About this task
Scan the entries for the word "Russland". Every line that has it should be copied.

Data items

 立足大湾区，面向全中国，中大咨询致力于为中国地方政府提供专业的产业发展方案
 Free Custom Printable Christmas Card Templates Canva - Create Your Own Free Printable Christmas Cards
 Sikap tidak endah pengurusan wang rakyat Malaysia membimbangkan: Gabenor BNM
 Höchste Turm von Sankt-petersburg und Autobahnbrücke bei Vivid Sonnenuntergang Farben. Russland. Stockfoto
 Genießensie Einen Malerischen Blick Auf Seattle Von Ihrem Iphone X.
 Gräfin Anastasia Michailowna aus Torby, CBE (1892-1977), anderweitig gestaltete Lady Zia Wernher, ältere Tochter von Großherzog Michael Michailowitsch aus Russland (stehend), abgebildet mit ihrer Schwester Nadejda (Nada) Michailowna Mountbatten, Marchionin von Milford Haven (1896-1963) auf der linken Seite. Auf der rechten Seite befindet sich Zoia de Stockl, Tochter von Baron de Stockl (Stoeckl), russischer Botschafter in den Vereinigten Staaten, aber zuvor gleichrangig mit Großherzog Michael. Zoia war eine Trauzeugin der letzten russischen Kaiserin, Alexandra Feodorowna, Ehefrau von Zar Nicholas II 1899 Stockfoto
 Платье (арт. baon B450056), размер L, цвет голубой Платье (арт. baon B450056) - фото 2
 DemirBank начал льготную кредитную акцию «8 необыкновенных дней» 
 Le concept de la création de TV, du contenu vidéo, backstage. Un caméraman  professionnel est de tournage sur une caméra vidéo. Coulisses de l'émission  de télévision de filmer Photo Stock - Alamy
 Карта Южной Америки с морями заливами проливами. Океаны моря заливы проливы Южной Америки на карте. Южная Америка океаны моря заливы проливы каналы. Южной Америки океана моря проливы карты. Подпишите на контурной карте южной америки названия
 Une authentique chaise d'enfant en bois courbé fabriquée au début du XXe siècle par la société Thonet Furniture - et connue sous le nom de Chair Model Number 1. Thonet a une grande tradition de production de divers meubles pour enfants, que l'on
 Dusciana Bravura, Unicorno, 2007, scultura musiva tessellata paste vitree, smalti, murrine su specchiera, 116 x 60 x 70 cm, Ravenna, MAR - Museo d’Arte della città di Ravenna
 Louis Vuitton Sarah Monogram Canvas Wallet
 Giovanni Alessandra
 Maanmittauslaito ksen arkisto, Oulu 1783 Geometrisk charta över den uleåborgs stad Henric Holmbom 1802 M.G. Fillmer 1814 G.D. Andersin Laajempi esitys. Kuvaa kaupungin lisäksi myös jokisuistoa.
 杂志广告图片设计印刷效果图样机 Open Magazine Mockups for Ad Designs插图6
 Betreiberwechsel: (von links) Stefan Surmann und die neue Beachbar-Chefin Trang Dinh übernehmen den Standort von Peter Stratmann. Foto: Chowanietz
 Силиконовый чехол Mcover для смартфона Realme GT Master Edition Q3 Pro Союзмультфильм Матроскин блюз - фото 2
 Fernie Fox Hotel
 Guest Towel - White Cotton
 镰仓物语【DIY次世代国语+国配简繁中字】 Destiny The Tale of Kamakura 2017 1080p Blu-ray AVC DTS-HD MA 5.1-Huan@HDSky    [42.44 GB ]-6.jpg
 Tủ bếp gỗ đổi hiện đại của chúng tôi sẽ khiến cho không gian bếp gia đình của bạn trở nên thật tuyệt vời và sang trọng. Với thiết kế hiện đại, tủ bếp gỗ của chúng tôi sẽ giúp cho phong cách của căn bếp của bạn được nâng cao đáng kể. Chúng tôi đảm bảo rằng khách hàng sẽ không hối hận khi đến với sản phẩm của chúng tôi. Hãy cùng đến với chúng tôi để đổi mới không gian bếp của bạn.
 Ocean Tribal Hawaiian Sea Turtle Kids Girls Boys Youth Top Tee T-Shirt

Reply to the exercise
 Höchste Turm von Sankt-petersburg und Autobahnbrücke bei Vivid Sonnenuntergang Farben. Russland. Stockfoto
 Gräfin Anastasia Michailowna aus Torby, CBE (1892-1977), anderweitig gestaltete Lady Zia Wernher, ältere Tochter von Großherzog Michael Michailowitsch aus Russland (stehend), abgebildet mit ihrer Schwester Nadejda (Nada) Michailowna Mountbatten, Marchionin von Milford Haven (1896-1963) auf der linken Seite. Auf der rechten Seite befindet sich Zoia de Stockl, Tochter von Baron de Stockl (Stoeckl), russischer Botschafter in den Vereinigten Staaten, aber zuvor gleichrangig mit Großherzog Michael. Zoia war eine Trauzeugin der letzten russischen Kaiserin, Alexandra Feodorowna, Ehefrau von Zar Nicholas II 1899 Stockfoto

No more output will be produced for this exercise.